Exercise prompt:
Give back the whole listing exactly as written, leaving out each picture.

*** Information supplied ***

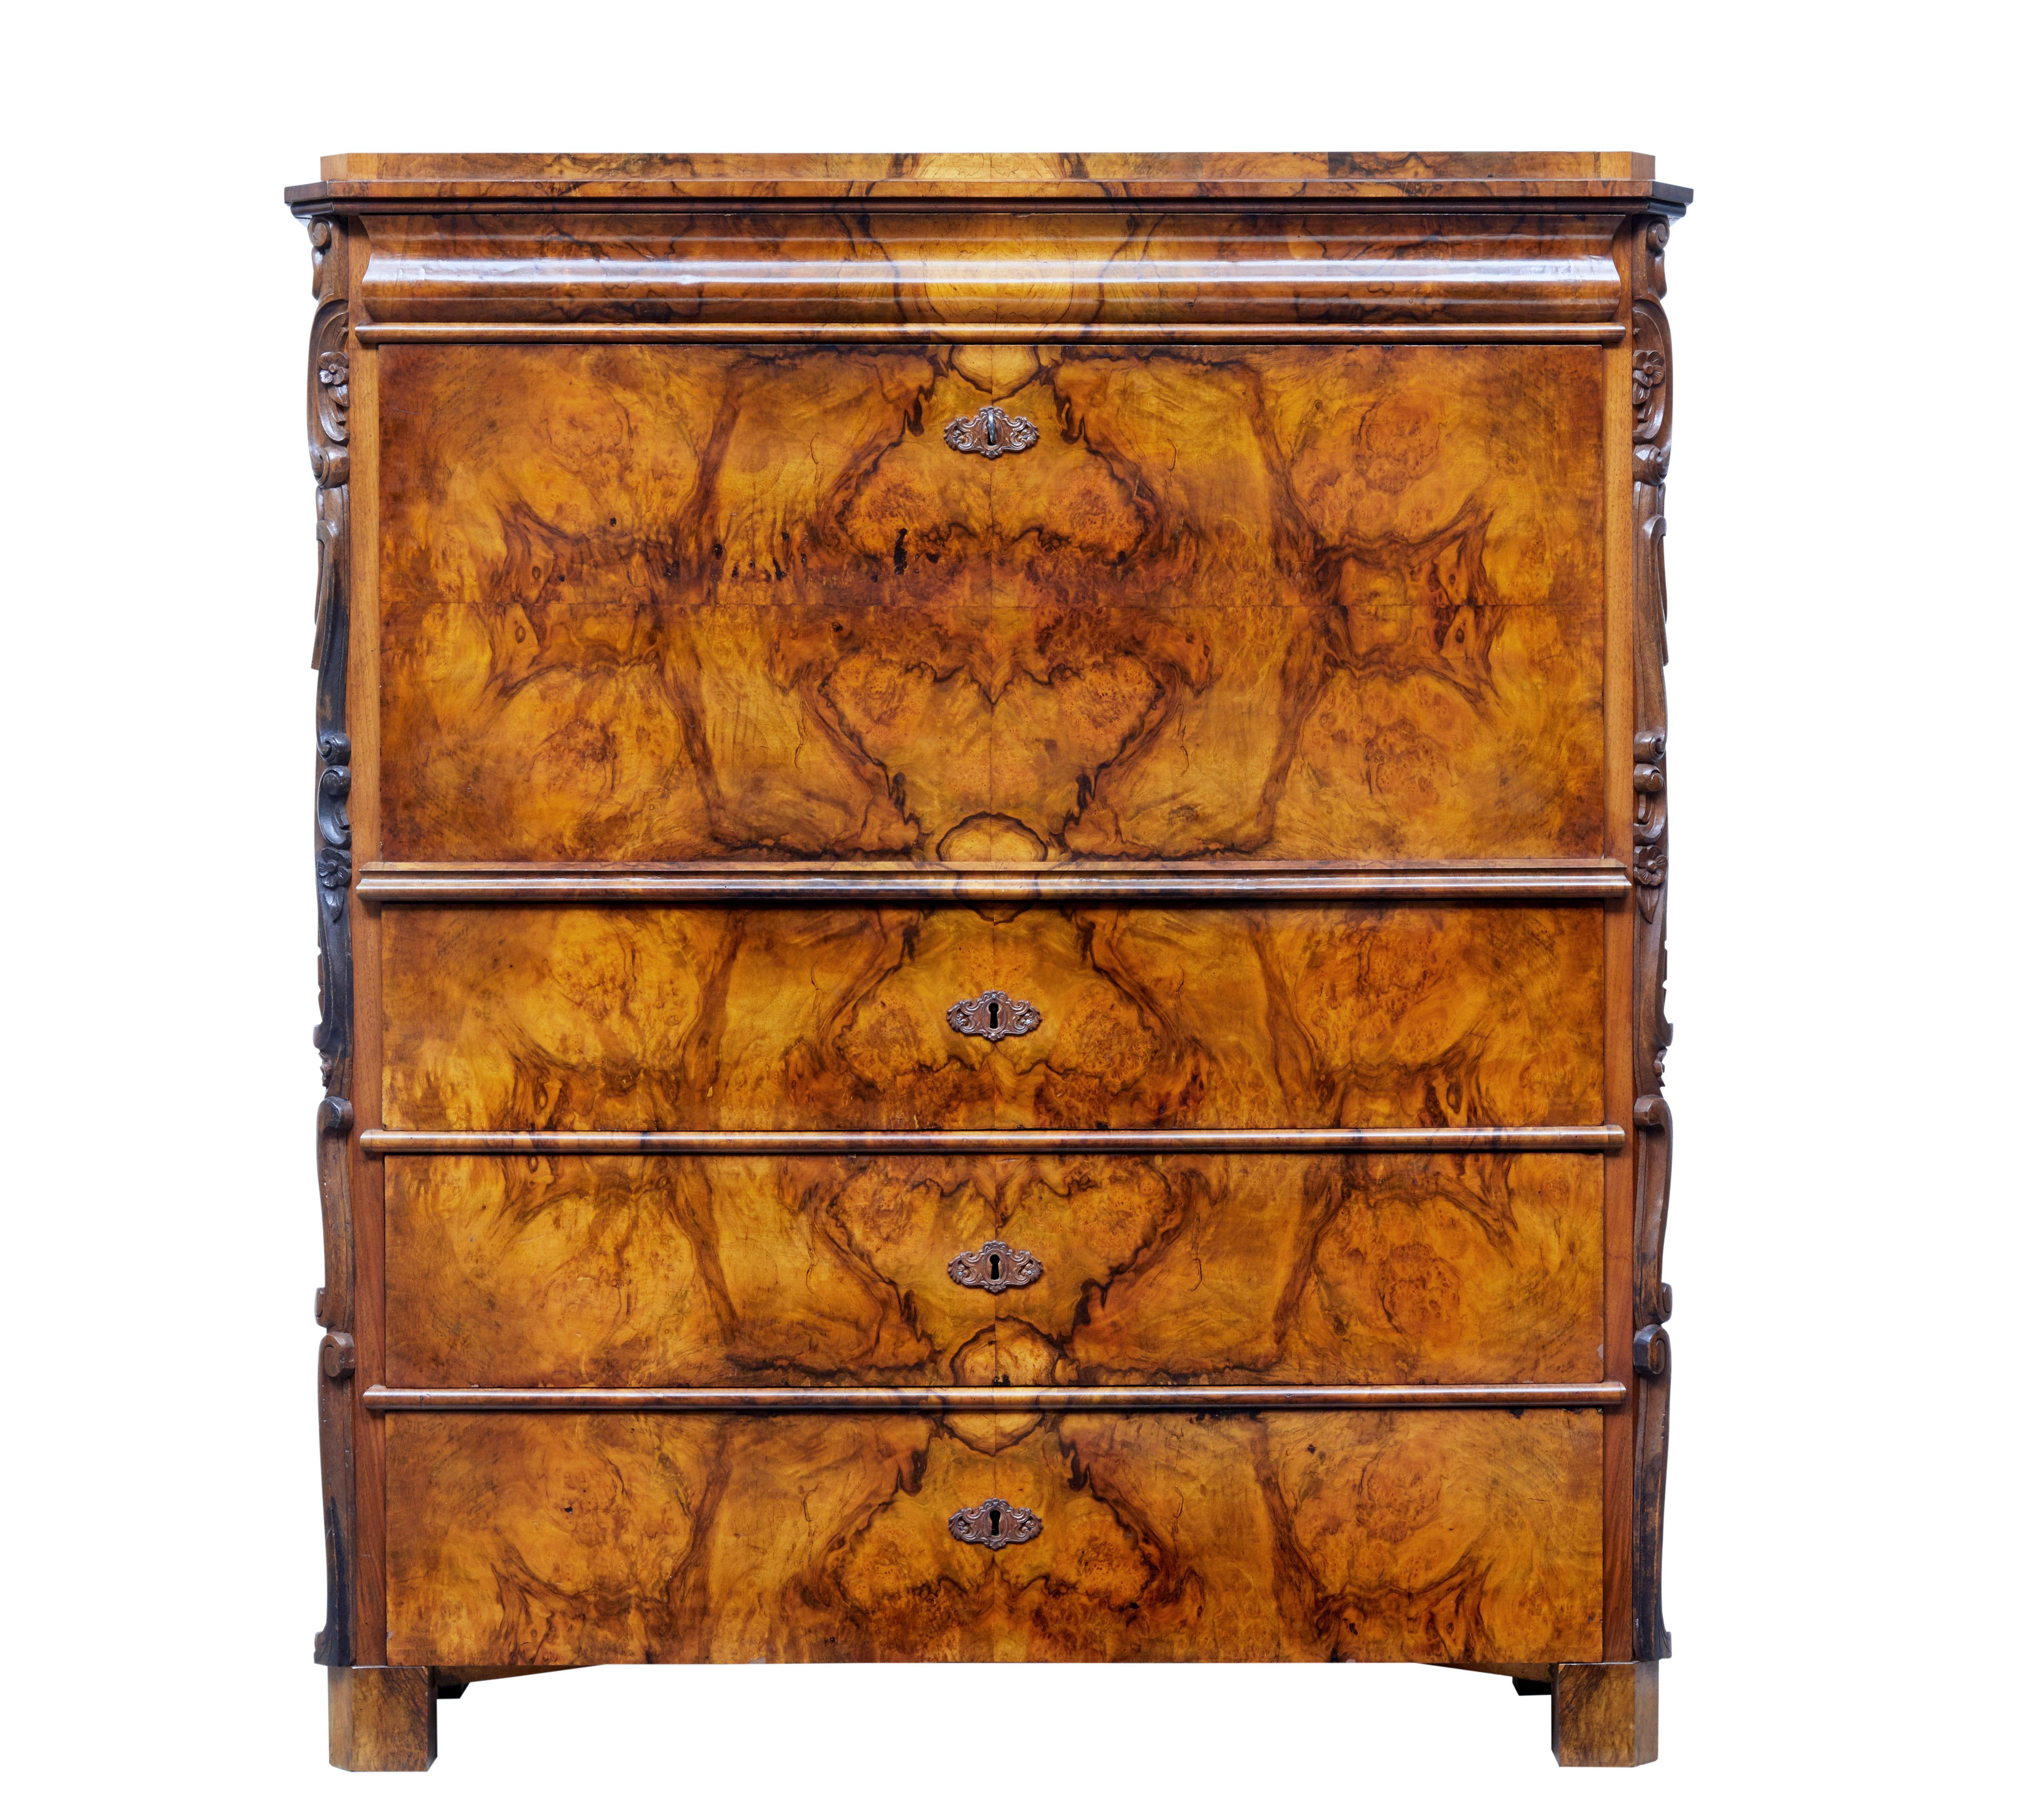 Fine quality Scandinavian burr walnut escritoire, circa 1870.

Stunning example made with matching burr walnut veneers to the drawer and fall fronts. Burr top surface and canted corners with applied swag carvings. Concealed drawer below the top
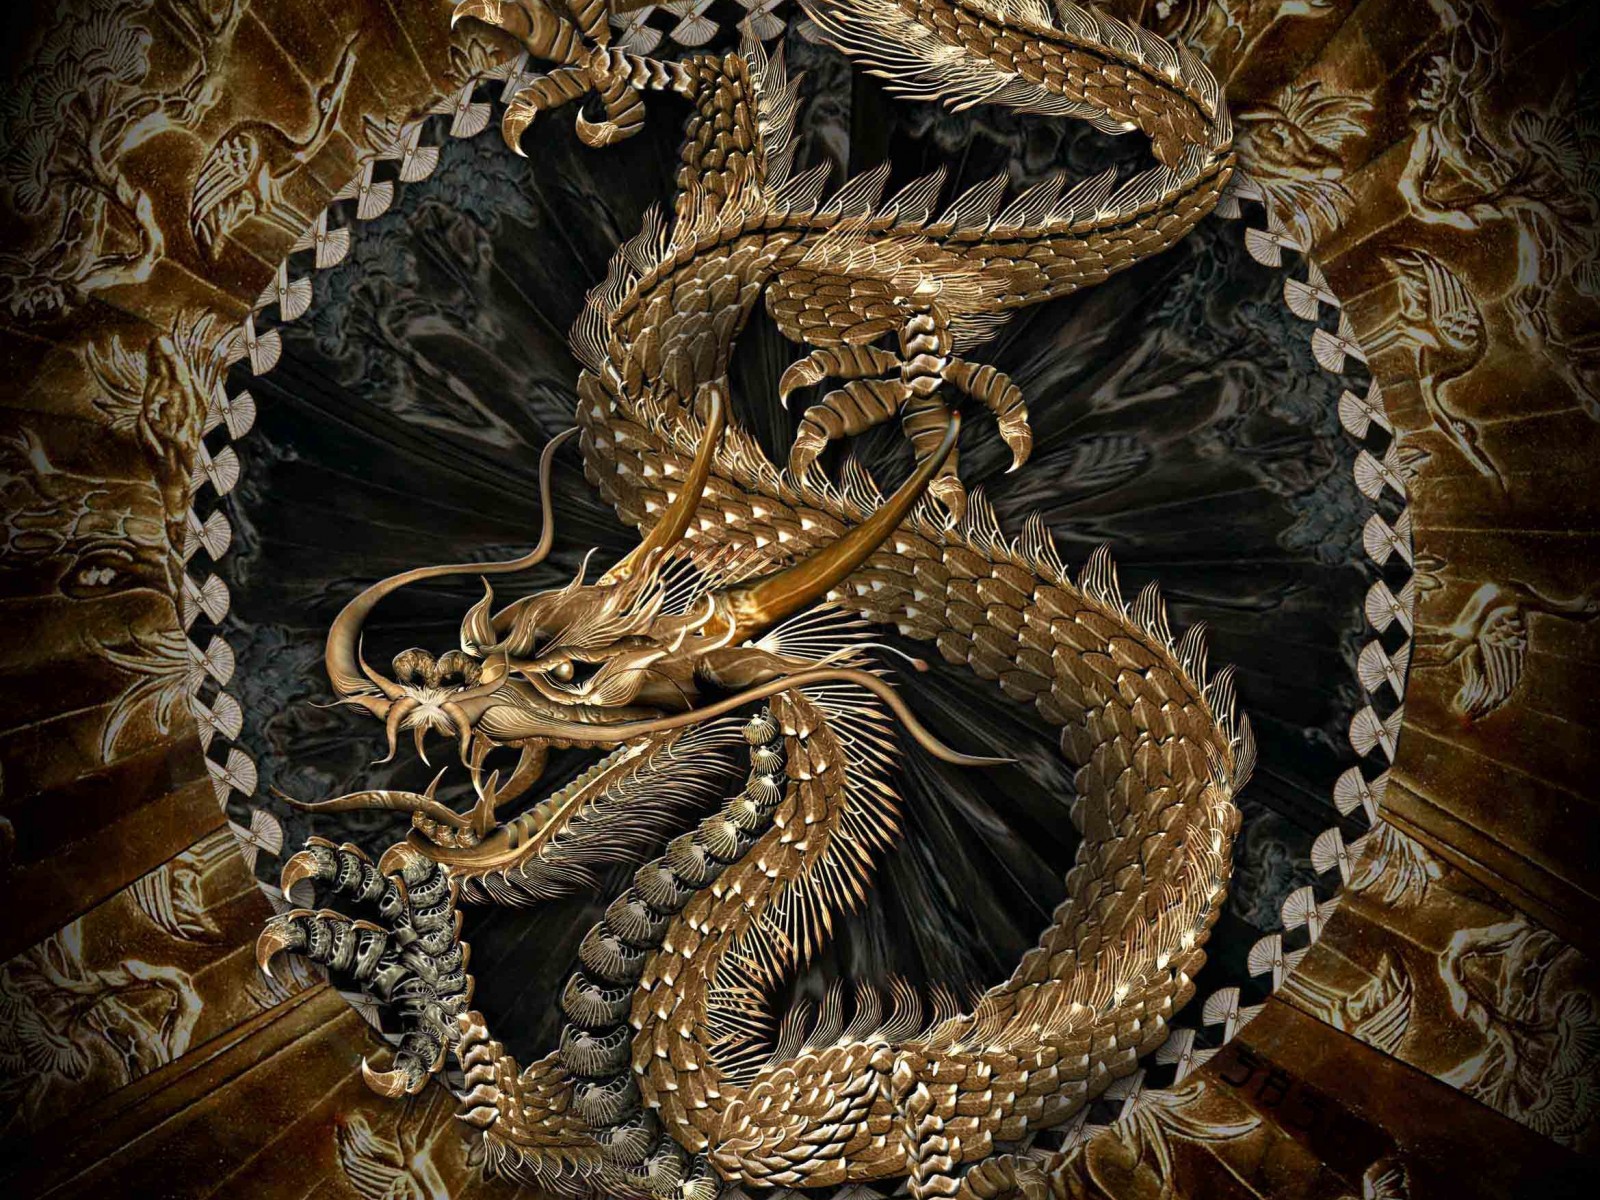 free dragon wallpaper downloads,dragon,serpent,mythology,fictional character,mythical creature

*** End of Information supplied ***

Exercise result:
 Fine quality Scandinavian burr walnut escritoire, circa 1870.

Stunning example made with matching burr walnut veneers to the drawer and fall fronts. Burr top surface and canted corners with applied swag carvings. Concealed drawer below the top
 free dragon wallpaper downloads,dragon,serpent,mythology,fictional character,mythical creature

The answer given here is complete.